Cineaste answered 26/6, 2020 at 1:16 Comment(8)
Let me make sure If I understand correctly: when I installed my library on another project the whole import process relies on the relative paths? There is no magic behind the scenes because of the bundlers? What about those packages like - github.com/rollup/plugins/tree/master/packages/alias or - github.com/tleunen/babel-plugin-module-resolver I thought these packages provide this functionality without moving the files to the root level.Vern
No, there is no magic behind the scenes @alix . There are some differences between import {} from "./path" and import {} from "path" ; I assumed you know about them. I'm not a master with these two packages but it seems they add some magic to import a local library with the second import form. To clarify: how your library (my-lib) is installed on other project? Is it through npm or some other custom way?Cineaste
Yes, it will be installed via npm. This is not my first npm package. I am familiar with the process but this is the first time I tried to implement import from subfolder thing. That's why I am confused. I didn't think that "I move the bundled files to the root dir and bingo"Vern
Yes @alix , that's all. So, if you are using rollup with only this specific purpose, probably you no longer need it.Cineaste
I see. Let me try your way and I will back and release the bounty. Grazie!Vern
OK. You are right, I installed the lodash and the material-ui packages and inspect them under node_modules. They put every sub-module into the root level. That's what I am going to do. To keep my library repository clean, I will create a post-install script so those bundled files will be moved to the root level only when the user installs my package. Thanks again!Vern
I can't release the bounty award for the next 3 hours. We have to wait.Vern
We can wait for 3 hours :) thank you. Happy I have been useful!Cineaste
P
4

After numerous trials and errors, I was able to get this working by passing in a list of inputs, using the preserveModules and preserveModulesRoot options, and a simple postinstall script.

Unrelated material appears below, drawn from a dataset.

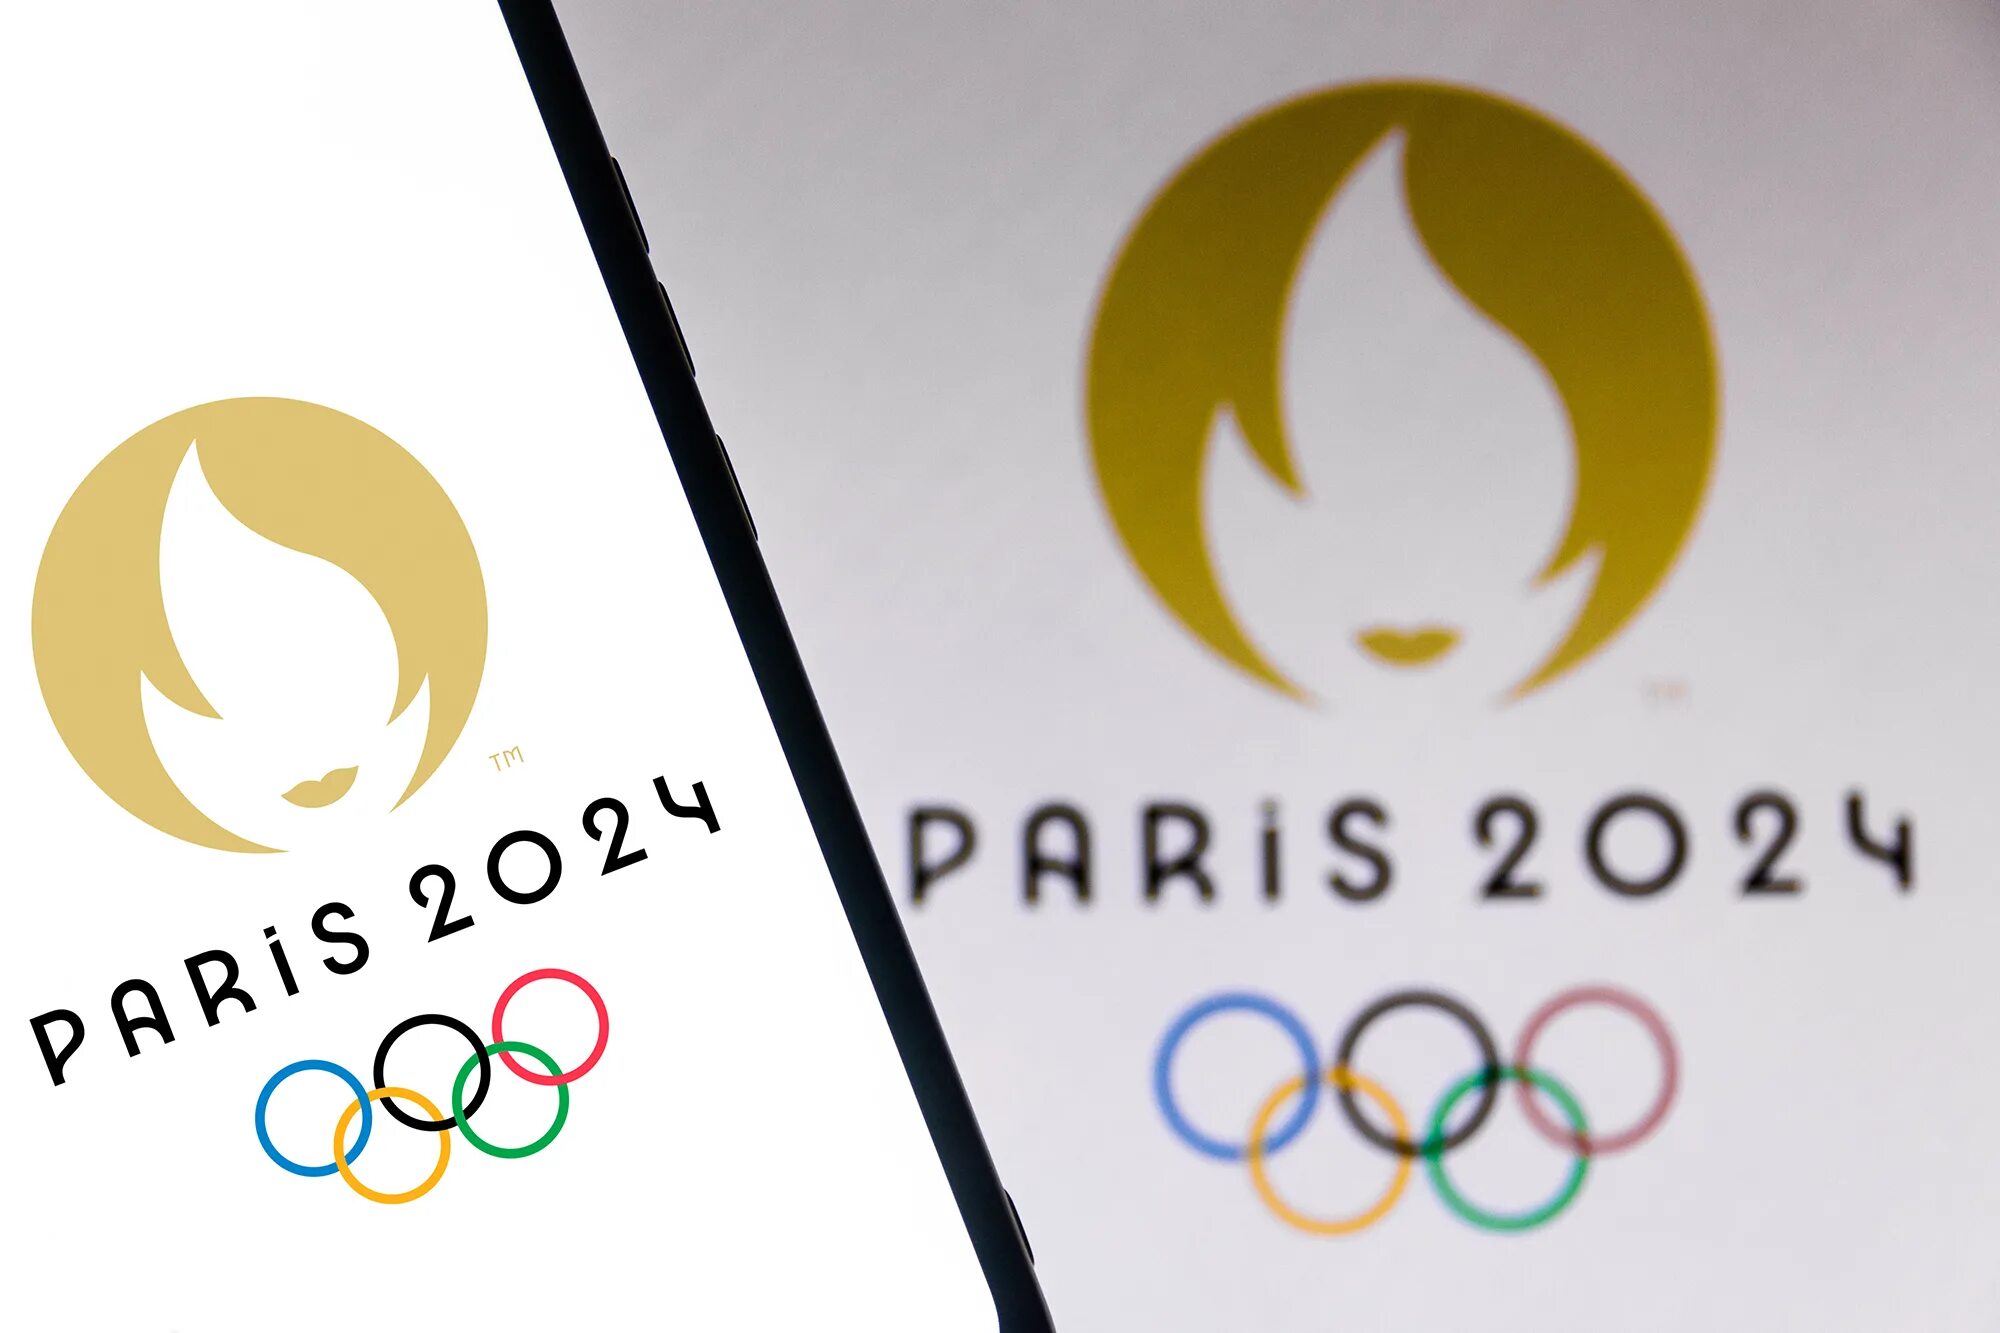 Олимпийские игры в Париже 2024. Олимпийский Париж 2024. Эмблема Олимпийских игр в Париже 2024. Где проходят олимпийские игры 2024 года

Here's my rollup.config.js

const options = {
  input: [
    'src/index.ts',
    'src/api/index.ts',
    'src/components/index.ts',
    'src/contexts/index.ts',
    'src/hooks/index.ts',
    'src/lib/index.ts',
    'src/types/index.ts',
    'src/utils/index.ts',
    'src/UI/index.ts',
  ],
  output: [
    {
      format: 'cjs',
      dir: 'dist',
      exports: 'auto',
      preserveModules: true,
      preserveModulesRoot: 'src',
      sourcemap: true,
    },
  ],
  plugins: [
    // Preferably set as first plugin.
    peerDepsExternal(),
    typescript({
      tsconfig: './tsconfig.rollup.json',
    }),
    postcss({
      extract: false,
      modules: true,
      use: ['sass'],
    }),
  ],
};

export default options;

scripts/postinstall.sh

#!/usr/bin/env bash
set -e;

# skip postinstall if npm install for development
# rollup.config.js is not included in dist
if [ -f "rollup.config.js" ]; then
  echo "skipping your package's postinstall routine.";
  exit 0;
fi

echo 'Copying files from dist folder into root project folder...'
cp -r dist/* ./ && rm -rf dist
echo 'Postinstall done!'

package.json

"scripts": {
    "postinstall": "./scripts/postinstall.sh",
  },

This will compile and output all files to dist folder. The postinstall script will copy all files from dist into the root project folder.

Note*: The postinstall script should be skipped when running npm install locally. This is done by checking if rollup.config.js exists or not.